Le contexte historique et social

 

Contexte général

 

John Woo et Wei Tesheng au festival de Venise,

lors de la soirée d’ouverture, le 31 août 2011

 

On oublie souvent que, avant l’arrivée des Chinois, Taiwan était peuplée d’aborigènes, d’origine austronésienne. Ils furent utilisés comme travailleurs forcés par les Chinois qui immigrèrent en nombre croissant pour mettre en valeur les terres, à tel point qu’ils se révoltèrent en 1732, révolte réprimée dans le sang. Les survivants se retirèrent dans les régions montagneuses du centre de l’île.

 

 

Bande annonce « Seediq Bale »

 

Quand, en 1895, après la 1ère guerre sino-japonaise, l’empire des Qing eut cédé l’île aux Japonais par le traité de Shimonoseki, les aborigènes furent l’objet d’études et enquêtes ethnologiques, mais, en même temps, les Japonais tentèrent de les « civiliser », en lançant une vaste campagne d’assimilation : ils furent astreints à se couper les cheveux, et furent interdites les pratiques traditionnelles telles que les tatouages ou l’extraction de certaines dents. Ils furent traités dans l’ensemble en citoyens de troisième classe et main-d’œuvre sous-payée, créant des tensions latentes encore aggravées par la désinvolture de bien des Japonais envers les femmes aborigènes qu’ils avaient prises pour épouses.

 

En 1945, la défaite japonaise eut pour conséquence leur départ de l’île. Quatre ans plus tard, cependant, débarquaient les troupes du Guomingdang, chassé du continent par l’arrivée des communistes au pouvoir, qui imposa une dictature assortie de la loi martiale. Et la politique d’assimilation reprit de plus belle. Le mandarin fut promu langue nationale, à l’exclusion des langues des minorités aborigènes ; avec leurs langues, celles-ci virent peu à peu disparaître leur culture, les jeunes sombrèrent dans l’alcool et la violence. Une réaction n’a commencé à apparaître qu’il y a une petite vingtaine d’années, à partir des années 1990.

 

Contexte du film

 

« Seediq Bale » traite d’un épisode de la lutte des aborigènes taiwanais pour la survie de leur culture, et, partant, leur propre survie en tant que peuple.
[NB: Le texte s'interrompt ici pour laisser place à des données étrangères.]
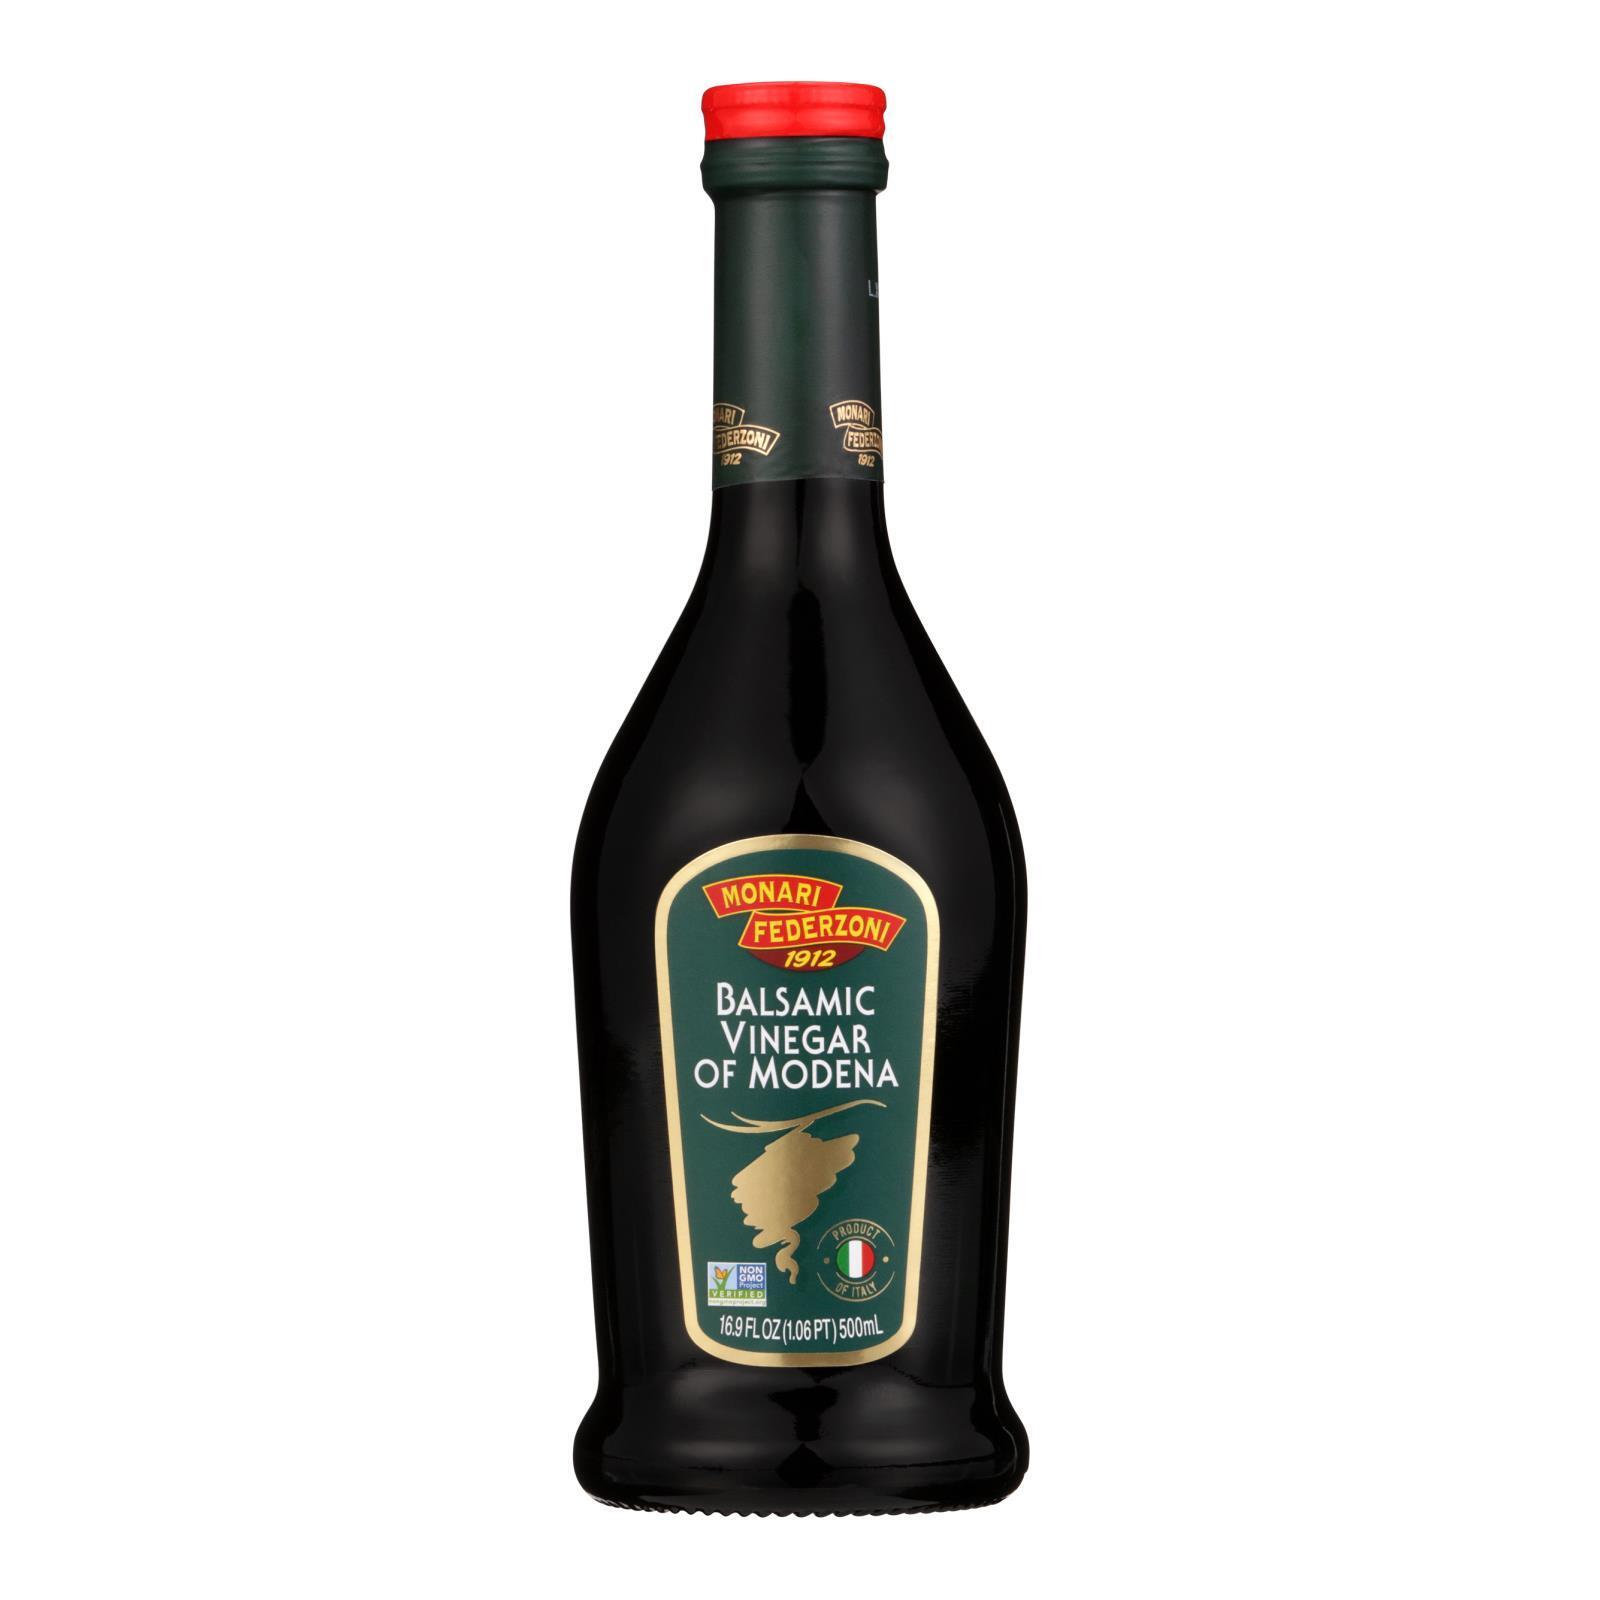 Monari Federzoni Balsamic Vinegar of Modena - Case of 6 - 16.9 Fl oz.

Il reflète la prise de conscience actuelle du problème aborigène et l’intérêt nouveau, comme partout, pour une culture minoritaire en voie de disparition.

 

Le point de départ du film est ce qu’on appelle

« les Evénements de Musha », ou Wushe  (雾社) en chinois, intervenus pendant l’occupation japonaise, en 1930. On en a fait une révolte

 

Photo du tournage

nationaliste contre l’occupant, cela va bien au-delà.

 

Dans le climat de tension qui régnait alors, tout est parti d’un incident mineur : une bagarre lors d’un banquet de mariage. Tadao Mona, un jeune aborigène d’une tribu sedeq (sous-groupe des Atayal), offrit un verre d’alcool à un policier japonais qui le refusa sous prétexte que l’autre n’avait pas les mains propres, et, comme le jeune homme insistait, le frappa. L’incident devint affront lorsque, le lendemain, Tadao Mona tenta de lui exprimer ses regrets sans parvenir à se faire écouter.

 

Photo du tournage

 

Or, Tadao Mona était le fils du chef de la tribu sedeq de Mahepo, Mona Rudao. Celui-ci réunit alors plusieurs tribus pour venger l’affront envers son fils. Le 27 octobre 1930, profitant d'une manifestation sportive sur le terrain de sport d'une école à Musha, les Sedeq menés par Mona Rudao lancèrent une attaque surprise contre les Japonais et les décimèrent en utilisant une pratique traditionnelle, le « fauchage » de têtes ; les jeunes partirent à l’assaut le visage tatoué selon l’ancienne coutume sedeq qui signifiait leur passage à l’âge

adulte et les faisait accéder au rang de « vrai sedeq », « a man in full », comme dit Tom Wolfe : « sediq bale » (赛德克.巴莱 saideke balai en chinois). D’où le titre.

 

Ils laissèrent quelque 130 victimes sur le terrain. Ce fut le premier « incident de Musha » (雾社事件). Il fut en effet bientôt suivi de représailles sanglantes, les Japonais utilisant pour ce faire tout un arsenal d’armes modernes, dont raids aériens et gaz toxiques. Repliés à Mahepo, Mona Rudao et ses troupes refusèrent de se rendre et préfèrent se suicider en masse. Les quelques survivants sedeq furent regroupés par les Japonais dans deux centres où, le 25 avril 1931, à l'instigation des Japonais, des aborigènes d'une tribu proche des Sedeq se livrèrent à un massacre général, utilisant le même « fauchage de têtes » pour décapiter une bonne centaine de leurs congénères.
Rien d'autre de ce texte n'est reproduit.